>>>
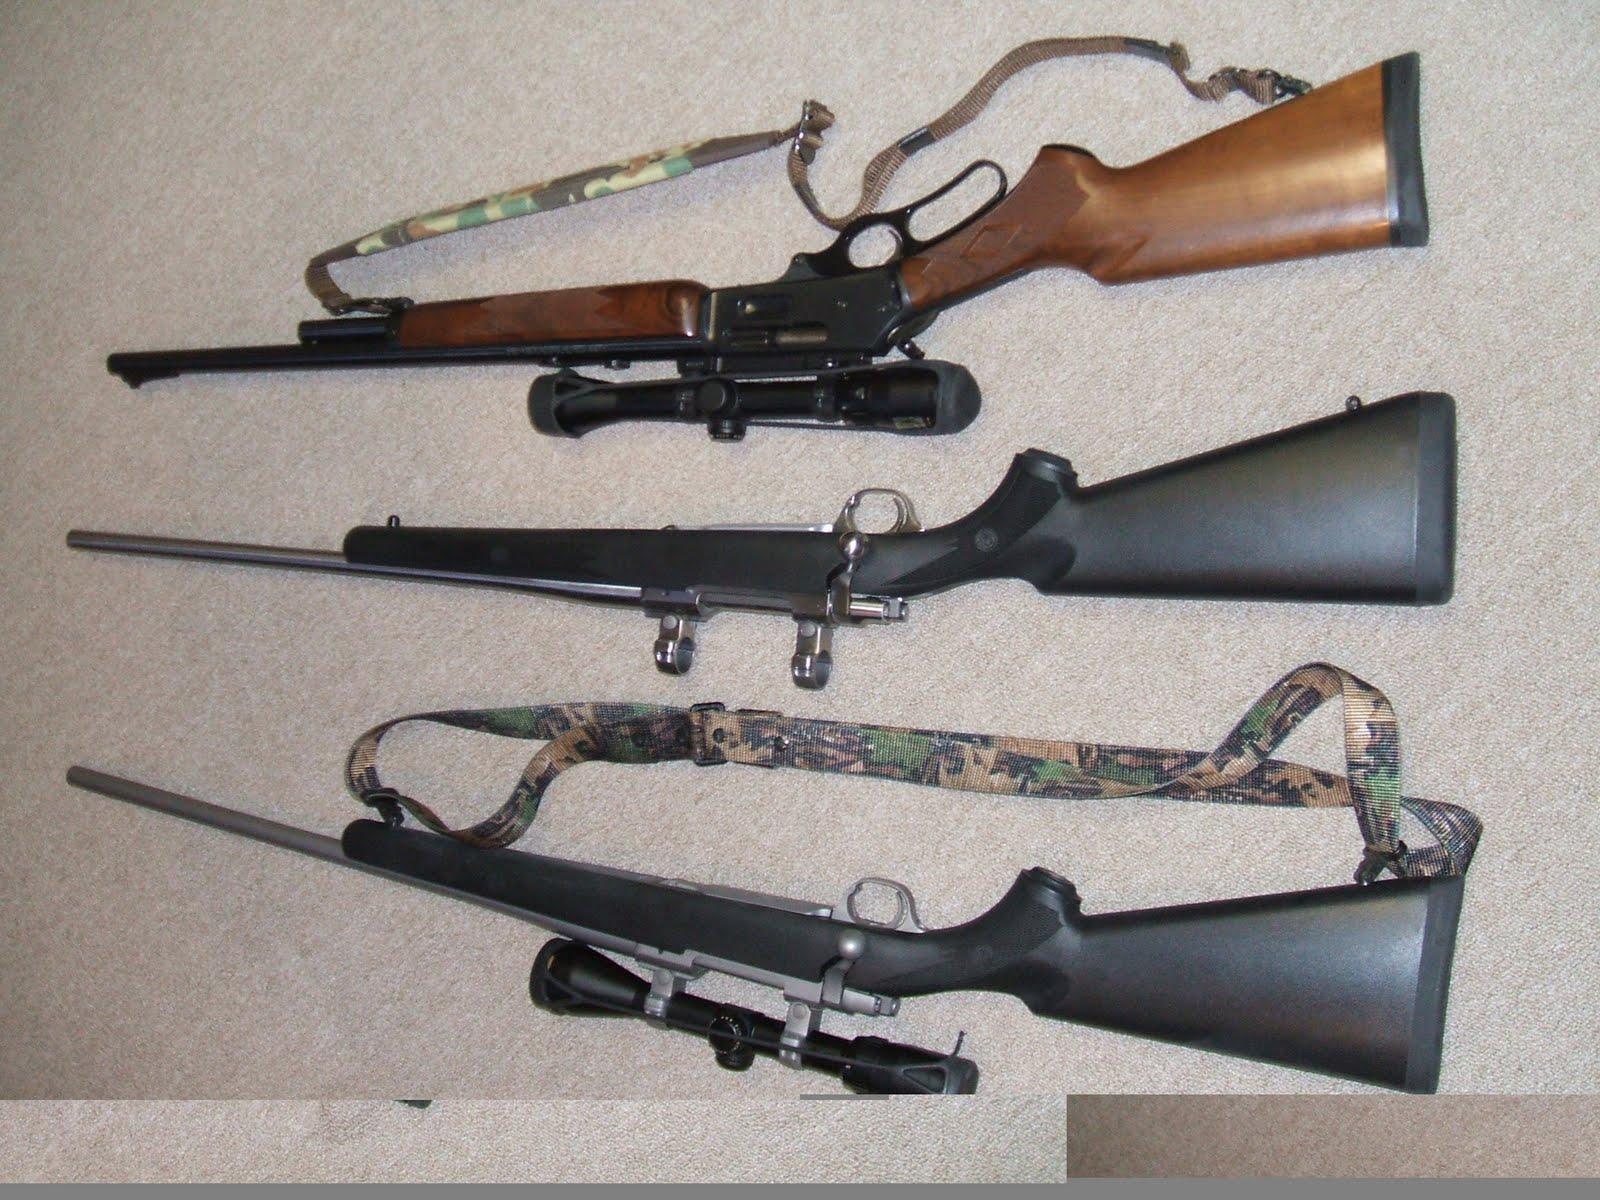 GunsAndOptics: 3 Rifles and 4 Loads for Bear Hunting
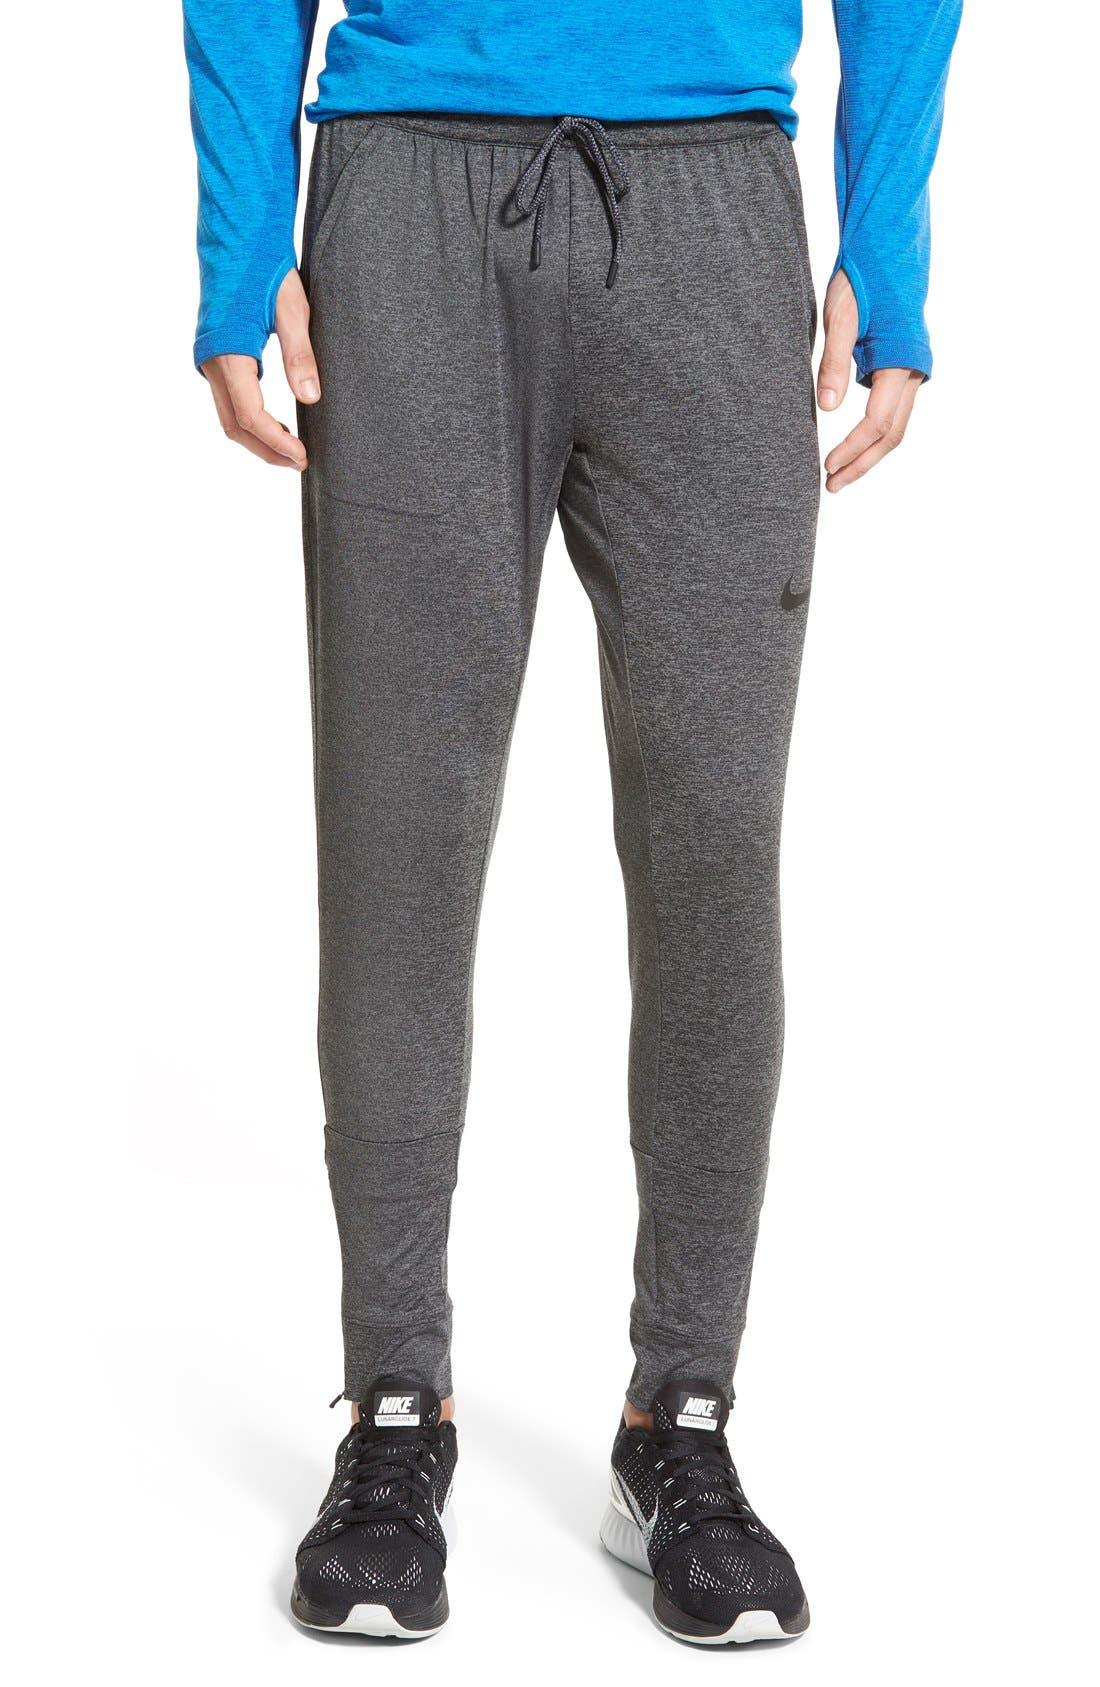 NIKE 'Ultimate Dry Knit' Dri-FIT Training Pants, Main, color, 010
<<<
>>>
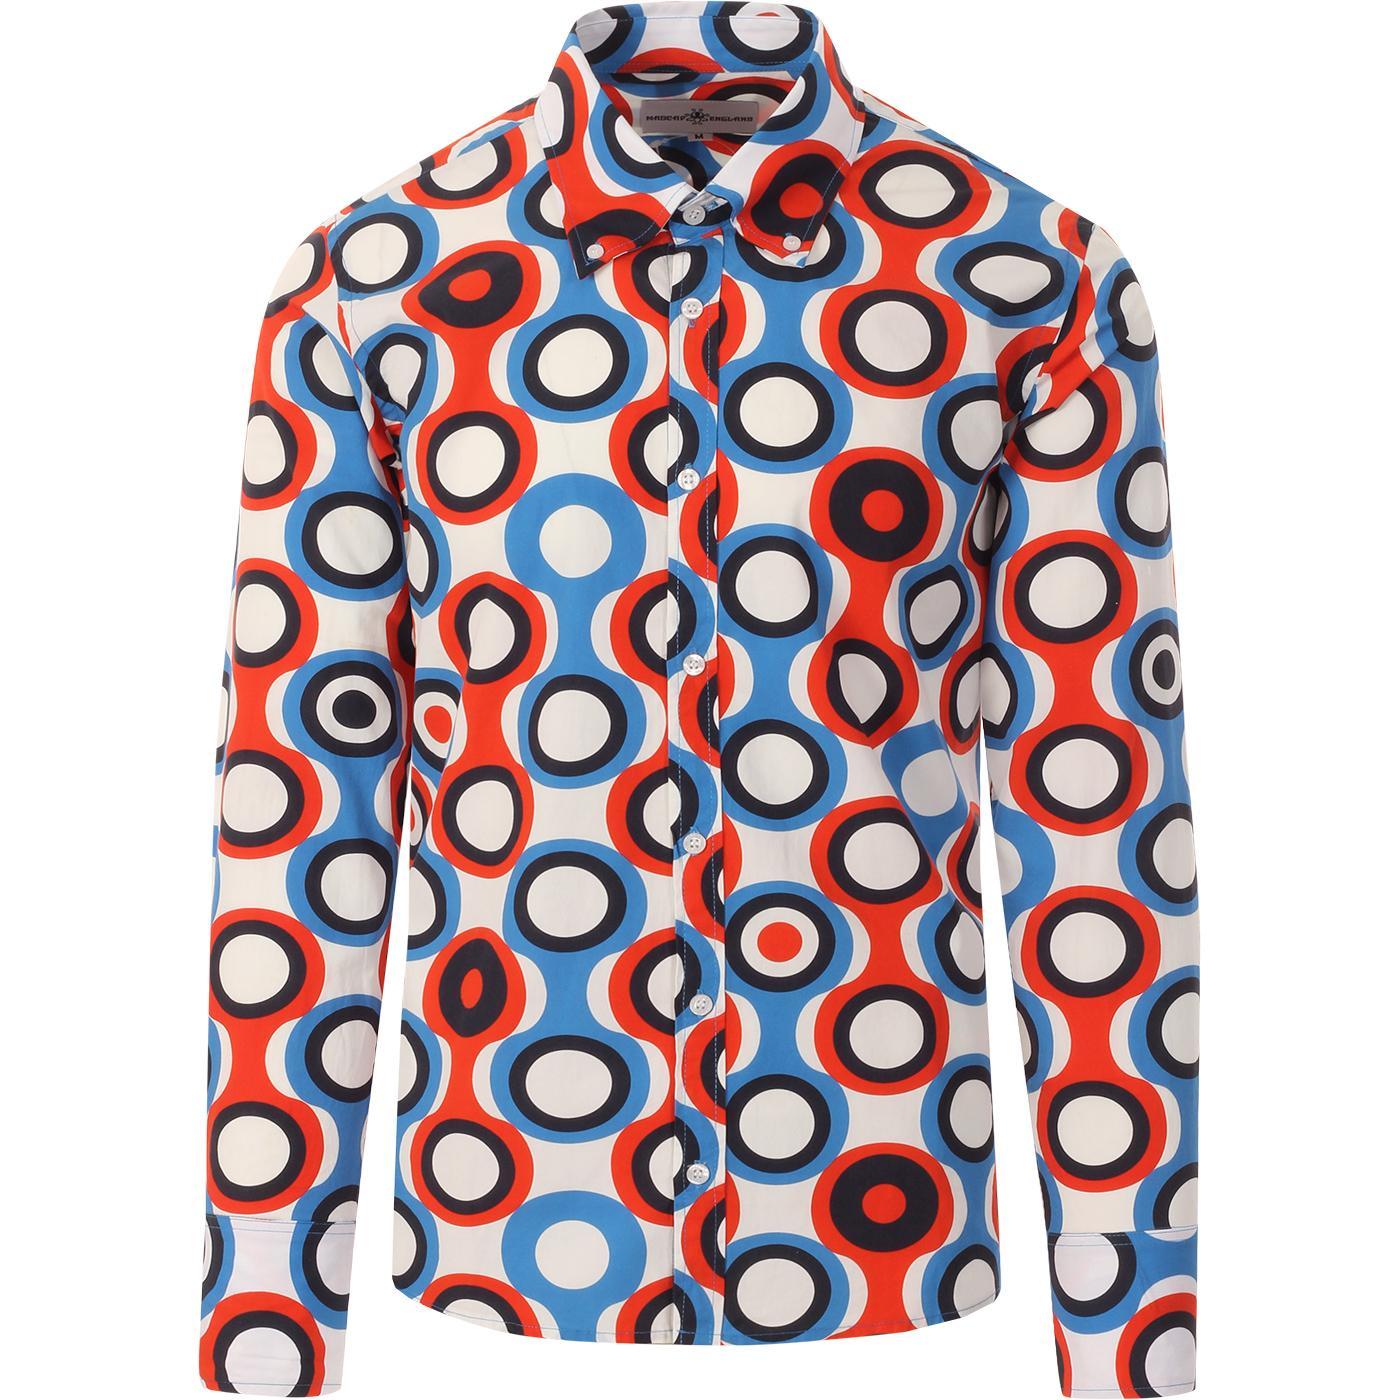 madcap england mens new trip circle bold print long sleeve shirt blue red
<<<
>>>
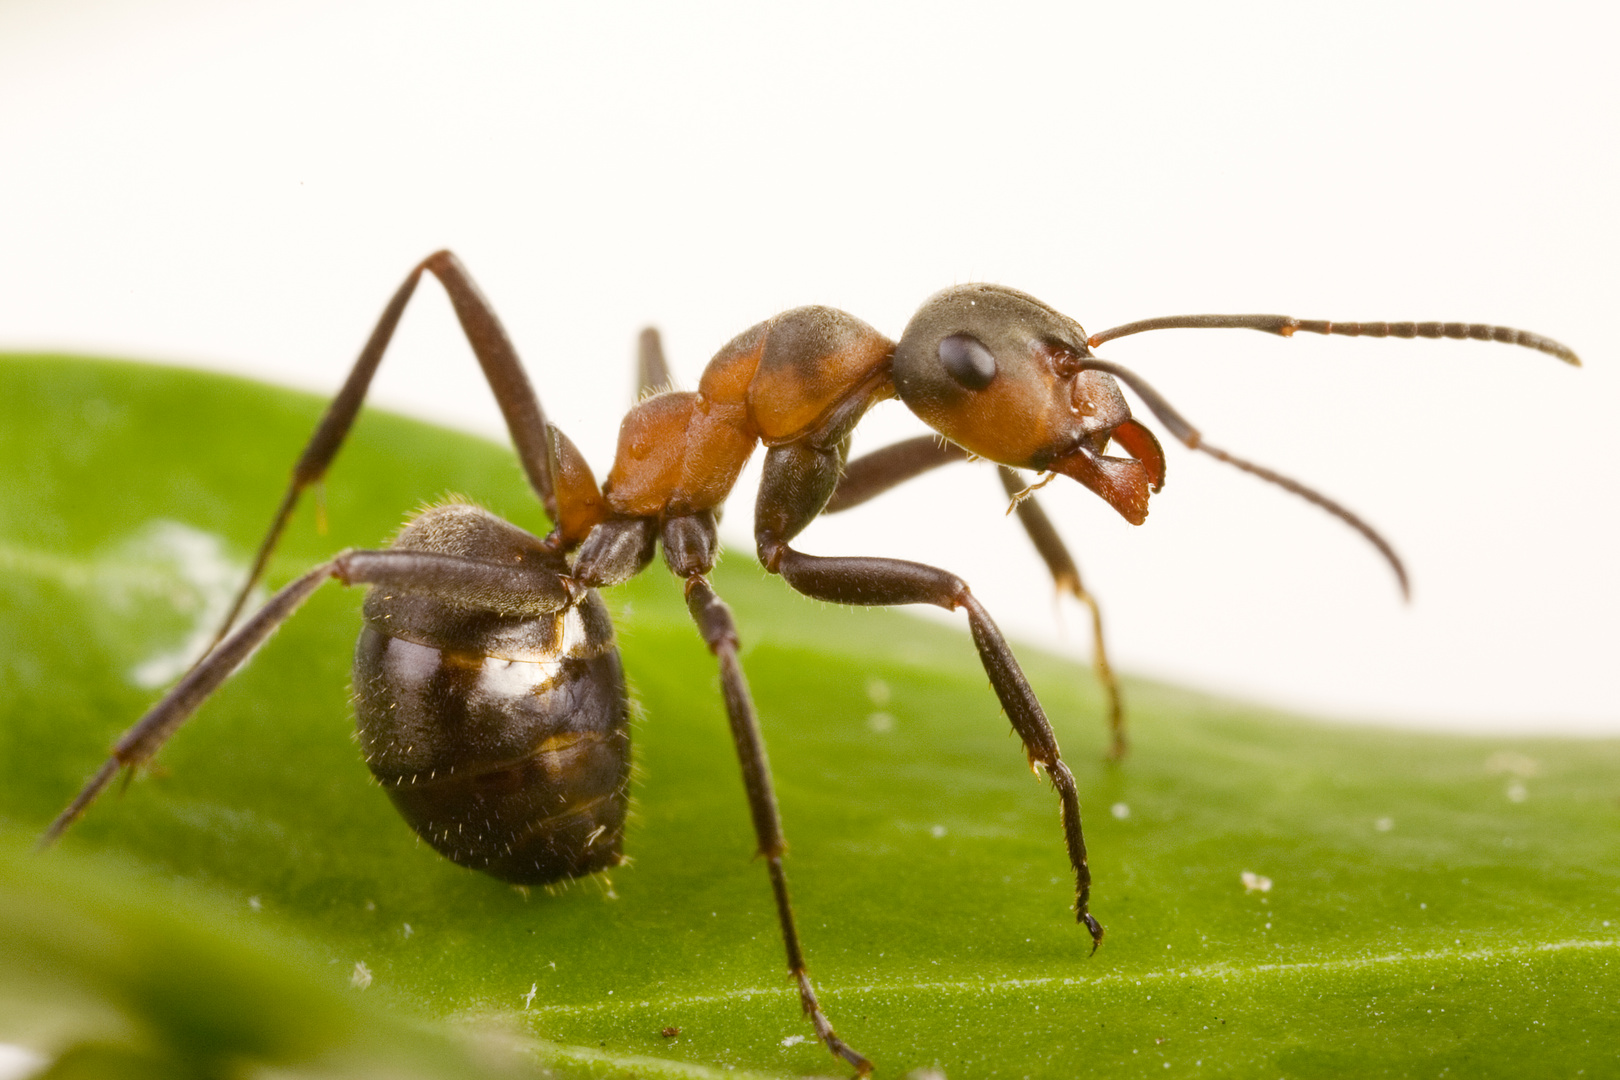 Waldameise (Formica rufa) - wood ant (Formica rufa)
<<<
• **TASK ITEM**: In the entries above, every line from the line with "GunsAndOptics: 3 Rifles" to the line with "NIKE 'Ultimate Dry" is to be printed exactly, with both ends included and pictures excluded.

• **THE ANSWER**:
 GunsAndOptics: 3 Rifles and 4 Loads for Bear Hunting
 NIKE 'Ultimate Dry Knit' Dri-FIT Training Pants, Main, color, 010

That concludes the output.